Department of Radiology, Mayo Clinic, Rochester, MN, 55905, USA.
Biomedical Engineering and Physiology Graduate Program, Mayo Graduate School, Rochester, MN, 55905, USA.
Med Phys. 2017 May;44(5):1610-1623. doi: 10.1002/mp.12174. Epub 2017 Apr 12.
To develop and evaluate an image-domain noise reduction method for multi-energy CT (MECT) data.
Multi-Energy Non-Local Means (MENLM) is a technique that uses the redundant information in MECT images to achieve noise reduction. In this method, spatio-spectral features are used to determine the similarity between pixels, making the similarity evaluation more robust to image noise. The performance of this MENLM filter was tested on images acquired on a whole-body research photon counting CT system. The impact of filtering on image quality was quantitatively evaluated in phantom studies in terms of image noise level (standard deviation of pixel values), noise power spectrum (NPS), in-plane and cross-plane spatial resolution, CT number accuracy, material decomposition performance, and subjective low-contrast spatial resolution using the American College of Radiology (ACR) CT accreditation phantom. Clinical feasibility was assessed by performing MENLM on contrast-enhanced swine images and unenhanced cadaver head images using clinically relevant doses and dose rates.
The phantom studies demonstrated that the MENLM filter reduced noise substantially and still preserved the shape and peak frequency of the NPS. With 80% noise reduction, MENLM filtering caused no degradation of high-contrast spatial resolution, as illustrated by the modulation transfer function (MTF) and slice sensitivity profile (SSP). CT number accuracy was also maintained for all energy channels, demonstrating that energy resolution was not affected by filtering. Material decomposition performance was improved with MENLM filtering. The subjective evaluation using the ACR phantom demonstrated an improvement in low-contrast performance. MENLM achieved effective noise reduction in both contrast-enhanced swine images and unenhanced cadaver head images, resulting in improved detection of subtle vascular structures and the differentiation of white/gray matter.
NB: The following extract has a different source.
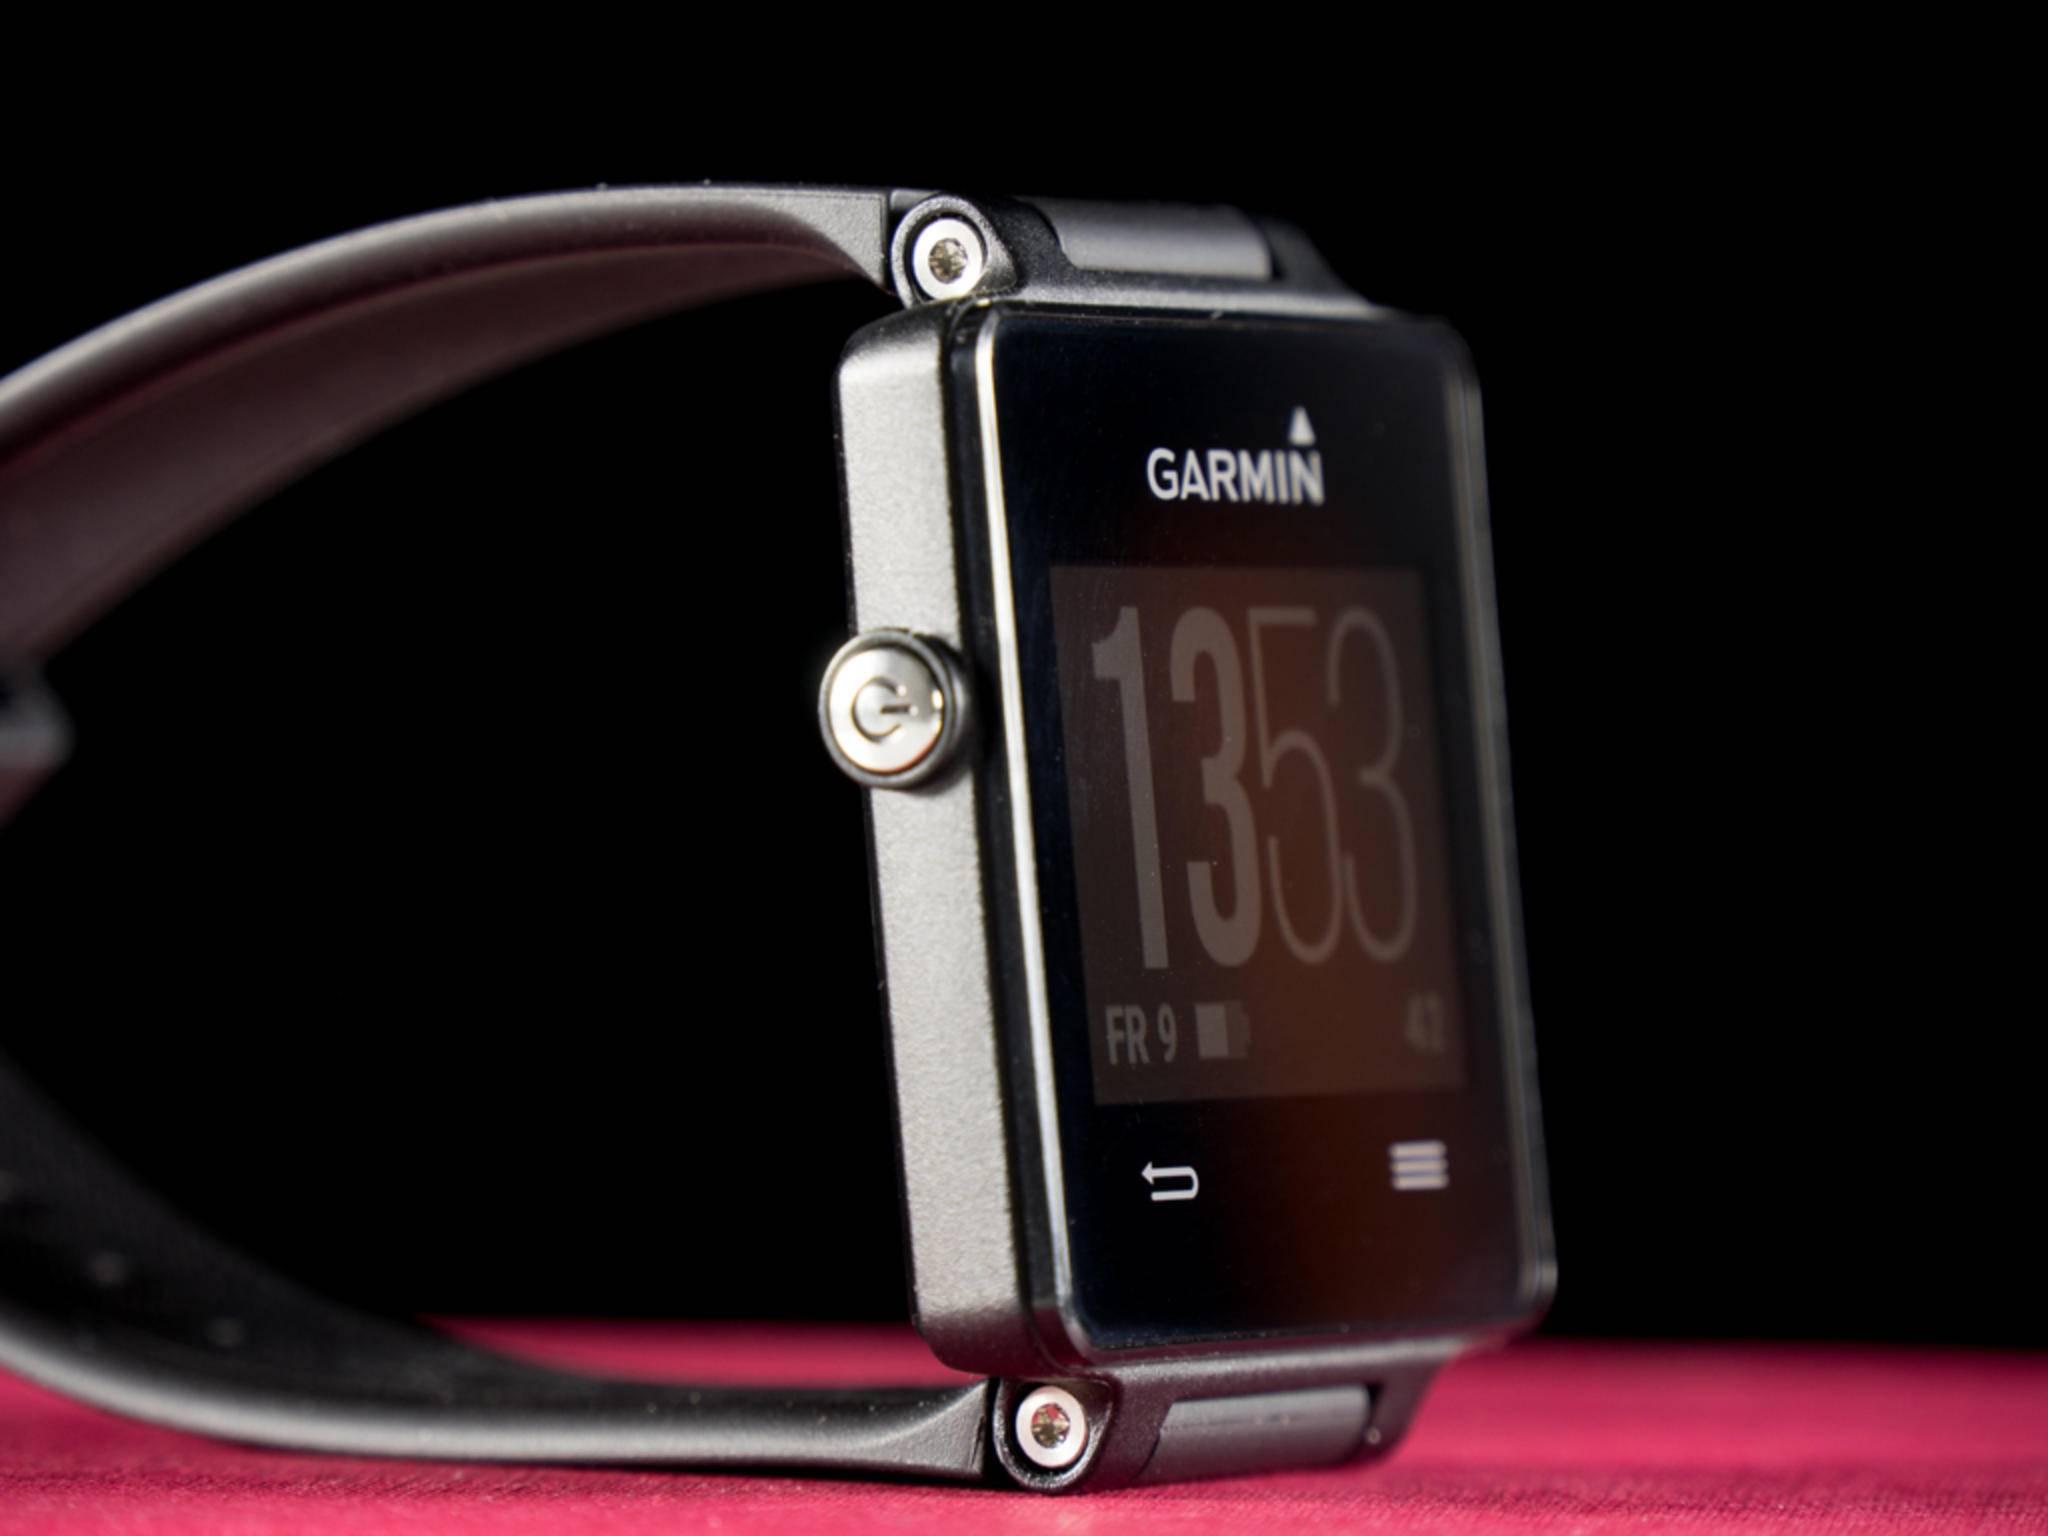 Fitness-Tracker, Smartwatch oder Laufuhr? Die Garmin Vivoactive will alles sein.

In MECT, MENLM achieved around 80% noise reduction and greatly improved material decomposition performance and the detection of subtle anatomical/low-contrast features while maintaining spatial and energy resolution. MENLM filtering may improve diagnostic or functional analysis accuracy and facilitate radiation dose and contrast media reduction for MECT.
开发和评估一种用于多能 CT(MECT)数据的基于图像域的降噪方法。
多能非局部均值(MENLM)是一种利用 MECT 图像中的冗余信息实现降噪的技术。在该方法中,使用空间-光谱特征来确定像素之间的相似性,从而使相似性评估对图像噪声更稳健。在全身研究光子计数 CT 系统上获取的图像上测试了这种 MENLM 滤波器的性能。在体模研究中,通过图像噪声水平(像素值的标准差)、噪声功率谱(NPS)、平面和平面内空间分辨率、CT 数准确性、材料分解性能以及使用美国放射学院(ACR)CT 认证体模进行的低对比度空间分辨率的主观评估,定量评估了滤波对图像质量的影响。通过使用临床相关剂量和剂量率对对比增强猪图像和未增强尸体头部图像进行 MENLM,评估了临床可行性。
体模研究表明,MENLM 滤波器可大幅降低噪声,同时保持 NPS 的形状和峰值频率。在 80%的噪声降低下,MENLM 滤波不会导致高对比度空间分辨率的退化,如调制传递函数(MTF)和切片灵敏度图(SSP)所示。对于所有能量通道,CT 数准确性也得到了保持,表明滤波不会影响能量分辨率。材料分解性能也随着 MENLM 滤波的使用而得到改善。使用 ACR 体模进行的主观评估表明,低对比度性能得到了提高。MENLM 可在对比增强猪图像和未增强尸体头部图像中实现有效的噪声降低,从而改善对细微血管结构的检测以及白/灰质的区分。
在 MECT 中,MENLM 实现了约 80%的噪声降低,极大地改善了材料分解性能和对细微解剖/低对比度特征的检测,同时保持了空间和能量分辨率。MENLM 滤波可能会提高诊断或功能分析的准确性,并有助于降低 MECT 的辐射剂量和对比剂用量。